Monday, November 28, 2011

Look away, children....



In future years, if my children ever fancy a glance at their childhood, or want an insight into the sometimes mad woman who brought them up, they might read back over these blogs. That's partly why I started writing them - as a little outlet for my not-so-little frustrations, a global platfrom to celebrate their wonderfullness, but most of all, as a record of our journey together, mother and daughters. Over the last 6 years there have been too-many-to-count glorious gushings about how amazing, how thrilling, how funny, how utterly lovely my beautiful girls are (see how I'm front-loading the praise?)...... so please girls, excuse this little eeny weeny post that's all about me.... look away now.

Yes... in approximately 20 hours time, I will be boarding an Aer Lingus jet (SANS ENFANTS), for a 5 hour (CHILD-FREE) flight to New York, for a five day break (FROM ROUTINE, CHORES, COOKING, CLEANING, WIPING BUMS, MAKING FOOD, WIPING FOOD UP FROM THE FLOOR, YADA YADA YADA....) with a great friend (NOT A CHILD, BUT A REAL ADULT FRIEND).

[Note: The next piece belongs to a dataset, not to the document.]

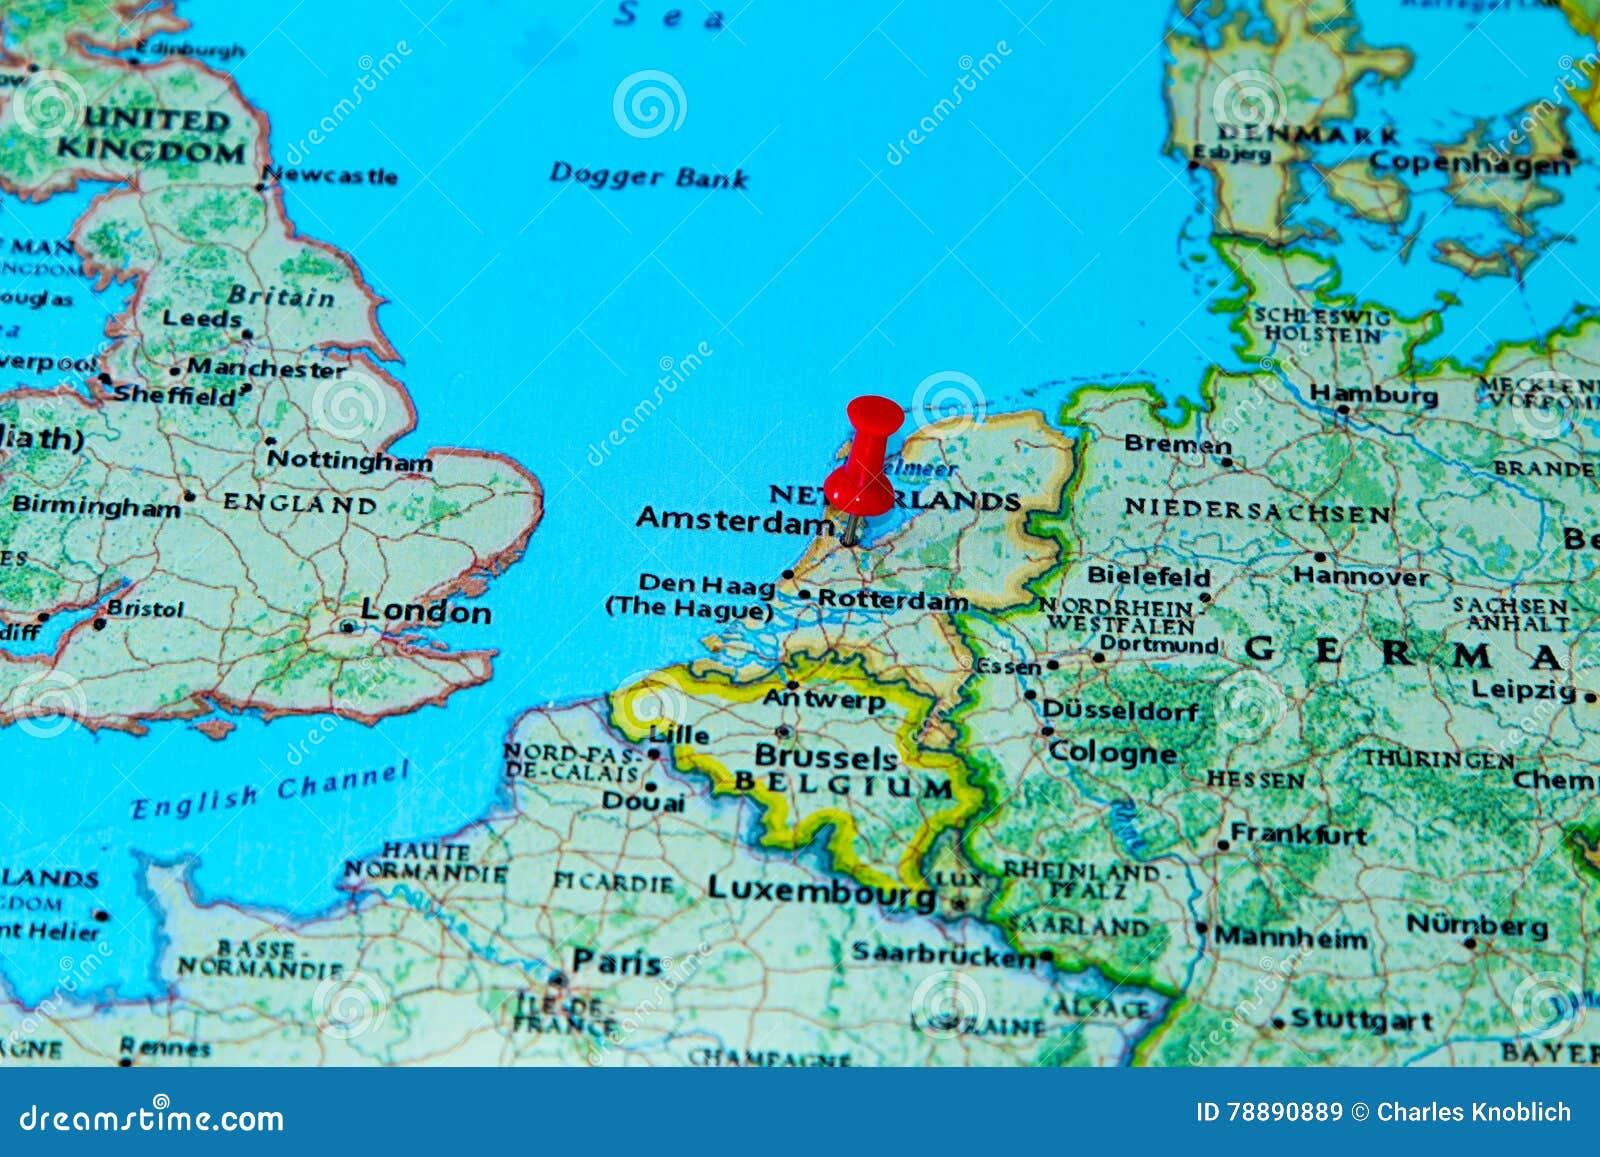 amsterdam mapa europa Amsterdam, Países Bajos Fijó En Un Mapa De Europa Imagen de  amsterdam mapa europa

Phew! It feels amazing just to be writing it. I know I shouldn't be feeling this desperate to get away, BUT I AM!!!!!!! I CANNOT WAIT!!!!!!! (I told you to look away, but one day you'll understand!)

We've been saving for three years (yes count them..... three years). And it's not even the cocktails I'm looking forward to (although I'm sure going to be having one around the 4.30pm mark when my day is usually descending into mayhem and everyone's reaching levels of hysteria normally reserved for major natural disasters). That will be a sip of pure bliss. It's not the 5 nights of undisturbed sleep I'll be getting (although I'm sure going to love that first 6am roll over when I realise no-one needs me). It's the flight. Yes, a 5 hour flight where I can get to end of the page, drink something with bubbles that is not water, and even watch a film that doesn't involve a princess. I'm going to lounge about SoHo and drink cocktails during the day. I'm going to jog across Brooklyn Bridge in the early morning noise, I'm going to eat bagels and enjoy not bustling in a city of bustle.

We booked our flights in January so it's hard to believe it's here. I've just booked in on-line and printed off my tickets, I've stocked the freezer with food, cleaned the house and dusted off the clothes that don't get much of a viewing - the ones intended for the real world. I'll be in it. Sipping cocktails, and smiling. A lot.

Although I've no doubt at all girls, I'll be thinking about you every day...



Monday, November 21, 2011

Letters of Love

This weekend, when I went up to Belfast to look after my mum, my dad had left a big box in my room. I looked inside, and found my life story. The smell of age and nostalgia mingled with tissue thin paper and ink. Every single card, every single letter, every single postcard, every single note I have ever written to my mum was inside.... stories laid bare, love notes squeezed between exploits, happy holidays, dulls days...all bound together in memory. I have written to my mum all through my life - through all my adventures, through all my education, through all my relationships, through all my parenting. And she kept every word. I spent a few hours just putting them into piles - the piles I realise that represent the phases of my life - my childhood - sweet notes of innocence and a burgeoning imagination; my year out in Pakistan and India as a naive 18 year old - full of longing for home, and excitement at the world; University - an adult emerging amid learning and independence; working life in London - lots of money requests and false starts on the job front; my two year travels - the spendour, the adventure, the romance!; and finally, my life in Dublin - my first flat, planning our wedding, our first home, my beautiful girls.
Reading them I realise how honest I was, how at ease we were with each other, how accepting we were, how involved my parents have been in my life. Not only does that box give me a unique diary of my life - in my own words, it is like a gift to me in this time as I grieve for my mum, and learn to live my life without her involvement.
I still write to her every week - I take photos of my days with the girls, and I embed them in a letter with a commentary, and I email it to dad who prints it out and reads it to her. They are slowly filling a box beside her bed - and in time too they will be the diary of this phase, and a reminder that even though she cannot be the person she was, she is still, and always will be, involved in my life.

Tuesday, November 8, 2011

Some days...

Some days it all comes together... and some days it all falls apart. Today was the latter. My recent attempts at reading Buddhism (whatever gets us through the day, I say) is being tested as my new found calm took a sabatical, and the screaming heeby-jeeby's took over. The more Ruby screamed outwardly, the more I screamed inwardly. The more Poppy cried at every little thing, the more I wanted to cry at every single thing. The more Daisy tortured me for her confiscated Leappad, the more I wanted to confiscate myself. This was me at 4.52pm....

And then my knight in shining armour came home and rescued me from the wicked witches. Thank you hubby...... coming home early was the best wedding anniversary present you could give me.... (well, the best one that doesn't sparkle!!).